For several weeks last fall, it looked as though the United States might be headed into an economic freefall. Federal intervention on an unprecedented scale appears to have averted a meltdown of the investment and credit markets, but how long and how deep the worst financial crisis in modern memory will be remains to be seen.
It's obvious that the recovery will be complicated and painful. Governors and state legislators will occupy some of the toughest jobs in politics as they try to cope with a cascading set of problems affecting virtually every segment of the population, young and old, rich and poor. In the pages of this publication, Stateline.org's 10th annual State of the States report, you'll read about some of the unenviable trade-offs they face. Many promising policy initiatives already have succumbed to budgetary starvation, including a bold California health-care reform plan and a trailblazing Missouri public works program, and more casualties of what many economists regard as a long-overdue reckoning are inevitable in the months ahead. It's hard for states to be the laboratories of democracy that U.S. Supreme Court Justice Louis Brandeis famously envisioned if they don't have enough money to experiment.
History teaches that the economic hardship will pass eventually and that it probably will leave behind a positive policy legacy. After all, such mainstays of the American way of life as Social Security, unemployment insurance and government protection of bank deposits grew out of earlier downturns.

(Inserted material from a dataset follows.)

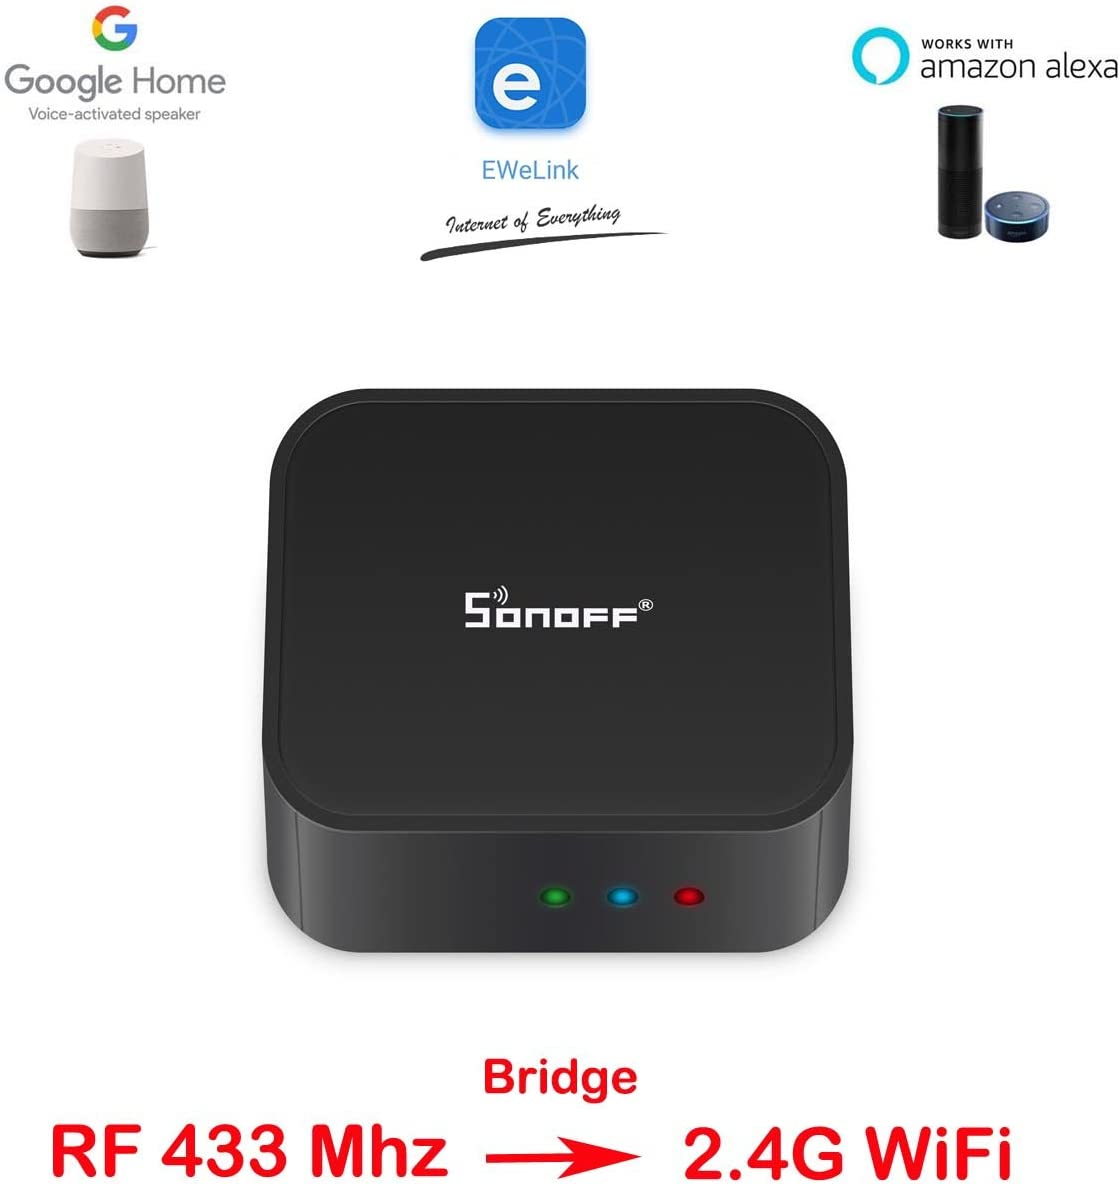 X 2 PCS) Sonoff PIR 433 Mhz Wireless Dual Infrared Human Sensor for Smart Home Automation Security Alarm System,work with RF 433 Bridge via EWeLink App

As you will read in these pages, U.S. energy policy and the health-care system are among likely candidates for fundamental restructuring during the current emergency. Despite massive federal deficit spending to stabilize the economy, President Barack Obama remains committed to investing $150 billion in new energy-saving technologies. In a video teleconference with a bipartisan group of governors a few weeks after the November election, Obama said his plan “will strengthen our security and create millions of jobs in the process.”
Another of Obama's top priorities is an economic stimulus package that would pump money into state treasuries to pay for the reconstruction and repair of roads, bridges and other critical elements of the nation's infrastructure. Although government agencies now collectively spend about $400 billion annually on the hardware that connects and protects our society, experts estimate that at least $100 billion more could be spent productively. The nation's social safety net, which is administered state to state in differing ways, also could be subject to a great deal of innovation — certainly it will be tested to an extent that hasn't happened in recent times, with potentially far-reaching political consequences.
State of the States 2009 is Stateline.org's best effort to highlight significant state political and policy developments in the past 12 months and chart the likely course of state policy in the year ahead.